The following is a joint statement by:
- Centre to End All Sexual Exploitation
- EVE (formerly Exploited Voices now Educating)
- Defend Dignity
- Persons Against Non-State Torture
- The EFC’s Centre for Faith and Public Life (see also the EFC's previous response to the court decision)
- Vancouver Collective Against Sexual Exploitation
As a national working group of survivors of prostitution, service providers, and advocates, we applaud the Ontario Superior Court of Justice’s ruling in Canadian Alliance for Sex Work Law Reform v Attorney General of Canada, released Sept. 18, 2023. Many of us intervened in the case in support of Canada’s progressive prostitution laws which seek to denounce and prohibit the purchase of sexual services, with the aim of reducing the demand for prostitution. This decision is a victory for the dignity, human rights and equality of women and girls in Canada.
This decision aligns with the many international agreements that Canada has committed to, most notably the Palermo Protocol[i] which names discouraging demand as an essential component to addressing sex trafficking and prostitution. This decision also respects the overall purpose of PCEPA (Protection of Communities and Exploited Persons Act) which is to “reduce the demand for prostitution with a view to discouraging entry into it, deterring participation in it and ultimately abolishing it to greatest extent possible.”[ii]
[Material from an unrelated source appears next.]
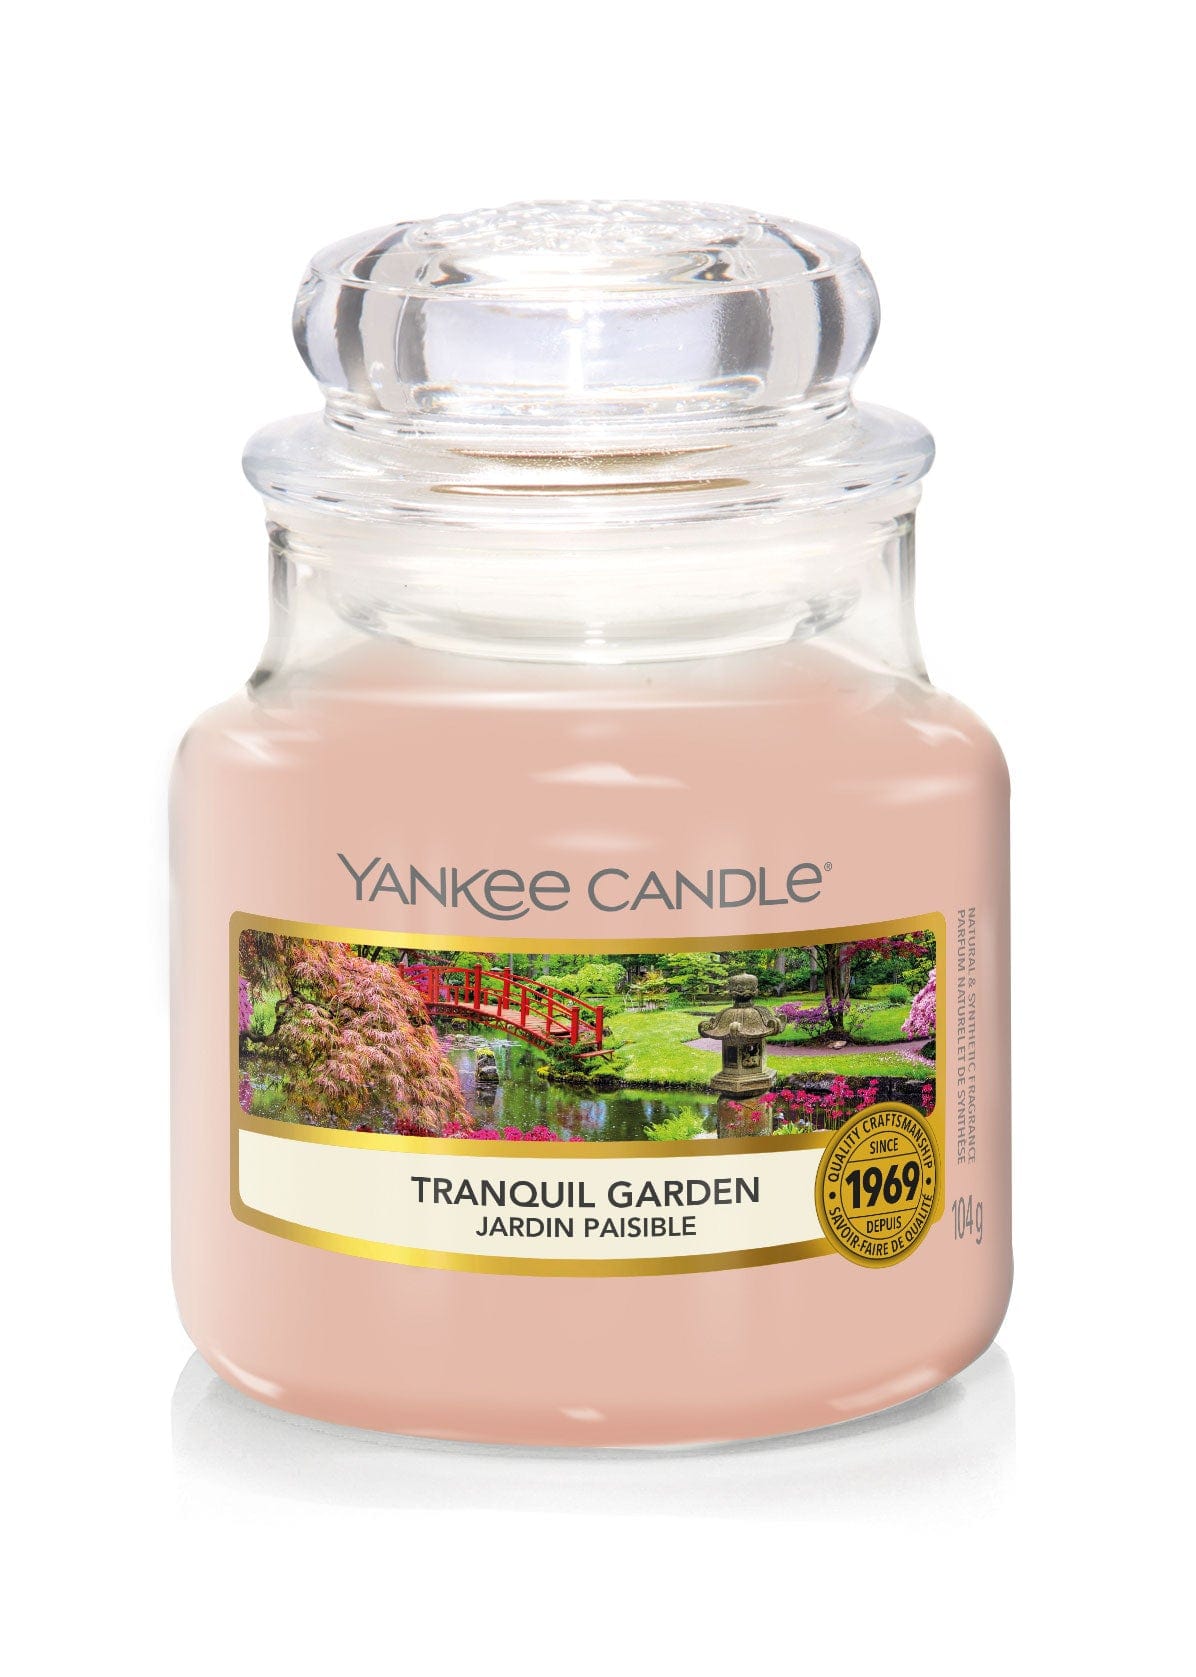 Yankee Candle Medium Jar Candle Yankee Candle Small Jar - Tranquil Garden

The purchasing offence, s. 286.1, takes direct aim at the demand that fosters all forms of sexual exploitation. One cannot underestimate the deterrent effect of criminalizing the purchase of sex as many more men would buy sex if the purchase of sexual services was decriminalized.[iii] This offence, clearly upheld as constitutional in this decision, demonstrates that Canada will not allow men to abuse their power and privilege by buying compliance to sexual acts.
As outlined in the preamble, PCEPA recognizes that prostitution is inherently exploitative and violent, and that the objectification of the human body and commodification of sexual activity causes social harm.
The decision reflects the reality that prostitution is a form of male violence which negatively and disproportionately impacts women and girls. Especially Indigenous women and girls, who have been targeted for sexual exploitation since colonization, and comprise the majority of prostituted women in Canada, even though they comprise just 4% of the population.[iv]
The court found that violence “is a feature not a bug of sex work.”[v] We agree. Violence – which often rises to the level of torture – is prevalent in the system of prostitution. This system must not be normalized or legitimized. Rather, as PCEPA intends, it must be dismantled.
Our laws must focus on both reducing the demand for sexual access to women and girls’ bodies and stopping traffickers from profiting from the exploitation of persons struggling for their existence. By upholding the third-party offenses of materially benefitting from, procuring, and advertising someone else’s sexual services, this ruling continues to prohibit exploitation while allowing individuals selling sex to enter into non-exploitive third-party relationships.
We commend this decision and call on the government of Canada to ensure consistent and proper enforcement of PCEPA in every jurisdiction in Canada. A law is only as good as it is enforced within the legal and judicial system consistently throughout Canada.
We also call on the government to implement the two other prongs of the Equality Model of law, after which PCEPA is modeled, by educating the public about the laws and their intent, and implementing significant, sustained financial support for exiting strategies in every area of Canada.
These actions are essential to ensuring Canada continues to be a leader in promoting justice and gender equality for women from coast to coast to coast.
[i] The Protocol to Prevent, Suppress and Punish Trafficking in Persons, Especially Women and Children https://www.ohchr.org/Documents/ProfessionalInterest/ProtocolonTrafficking.pdf
[ii] Department of Justice Canada. (2014). Technical paper: Bill C-36, Protection of Communities and Exploited Persons Act. https://www.justice.gc.ca/eng/rp-pr/other-autre/protect/p1.html
[iii] Demand Abolition. (2018). Who Buys Sex? Understanding and Disrupting Illicit Market Demand https://www.demandabolition.org/wp-content/uploads/2019/07/Demand-Buyer-Report-July-2019.pdf
[iv] The Native Women’s Association of Canada. (2014). Sexual Exploitation and Trafficking of Aboriginal Women and Girls: Literature Review and Key Informant Interviews https://www.nwac.ca/wp-content/uploads/2015/05/2014_NWAC_Human_Trafficking_and_Sexual_Exploitation_Report.pdf
[v] CAFSWLR v. Attorney General of Canada, at par. 216. Goldstein J. used the term “sex work” throughout the decision. However, he clarified (in par. 14) that he did not mean to convey that sex work is no different from any other type of work. As a group, we do not accept that prostitution is work, and do not use the term “sex work.”